In the 15 years since the company’s multicore pivot, the idea of using more than one Intel® CPU core to increase performance has gone from cutting-edge to common. The emergence of AI has raised some of the same questions that developers dealt with more than a decade ago. But now these questions are in respect to new heterogeneous computing environments that didn’t exist back in 2004.
Unlike a typical CPU, which presents an array of identical cores each suitable for independent execution, the heterogeneous combination of a CPU+GPU, or CPU+FPGA, pairs the compute resources of two or more very different components. While this presents tremendous opportunities for mutually advantageous computing in the right environments, it also raises the difficulty curve for proper deployment.
Toss in the fact that the most useful places to deploy these sorts of rugged IoT solutions are not known to be friendly to the survival of technology more complicated than a fork, and you’ve got a recipe for problems.
(Not a recipe for anything useful, mind you, like a good sourdough. Nope. Just a bunch of problems.)
Properly scaling workloads across multiple solutions requires the know-how to build and deploy the hardware solutions you need and a software environment that allows you develop and test them in the first place. The Intel® OpenVINO™ Toolkit is specifically designed to help companies scale across multiple types of devices as they develop for both homogeneous and heterogeneous compute environments.
The AI and machine learning algorithms baked into OpenVINO receive a lot of attention, but the “V” stands for “Visual,” and many of the toolkit’s capabilities pretrained models relate specifically to computer vision as shown in Figure 1.
Scaling Across Hardware Platforms
OpenVINO is designed to allow workloads to execute across CPUs and attached accelerators, through support for cross-platform APIs like OpenVX and OpenCL (Figure 2).

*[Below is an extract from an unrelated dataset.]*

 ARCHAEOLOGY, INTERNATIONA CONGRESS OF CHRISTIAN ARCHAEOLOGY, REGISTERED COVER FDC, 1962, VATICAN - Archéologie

But software without compatible hardware isn’t terribly useful, which is where solutions like the TR H4x/3sd-RCx from Concurrent Technologies come into play. The base system is a 3U VPX system featuring a 12-core/24-thread Intel® Xeon® D-1559 and up to 64GB of RAM.
If these capabilities aren’t sufficient to meet the customer’s needs, there’s an option to attach additional processing resources via PCIe. The TR H4x/3sd-RCx can also be paired with an Intel® Arria® FPGA attached via PCIe for additional processing power.
“The only thing the customer has to know is what neural network model is needed. They select the right DLA bitstream, take their existing model, and run it through OpenVINO.” @ConcurrentPlc
Optimizing Computer Vision Models
Using OpenVINO, customers can build and optimize a model, and test the performance of their solutions, starting with a single-processor board and expanding as needed to include additional processing resources (Figure 3).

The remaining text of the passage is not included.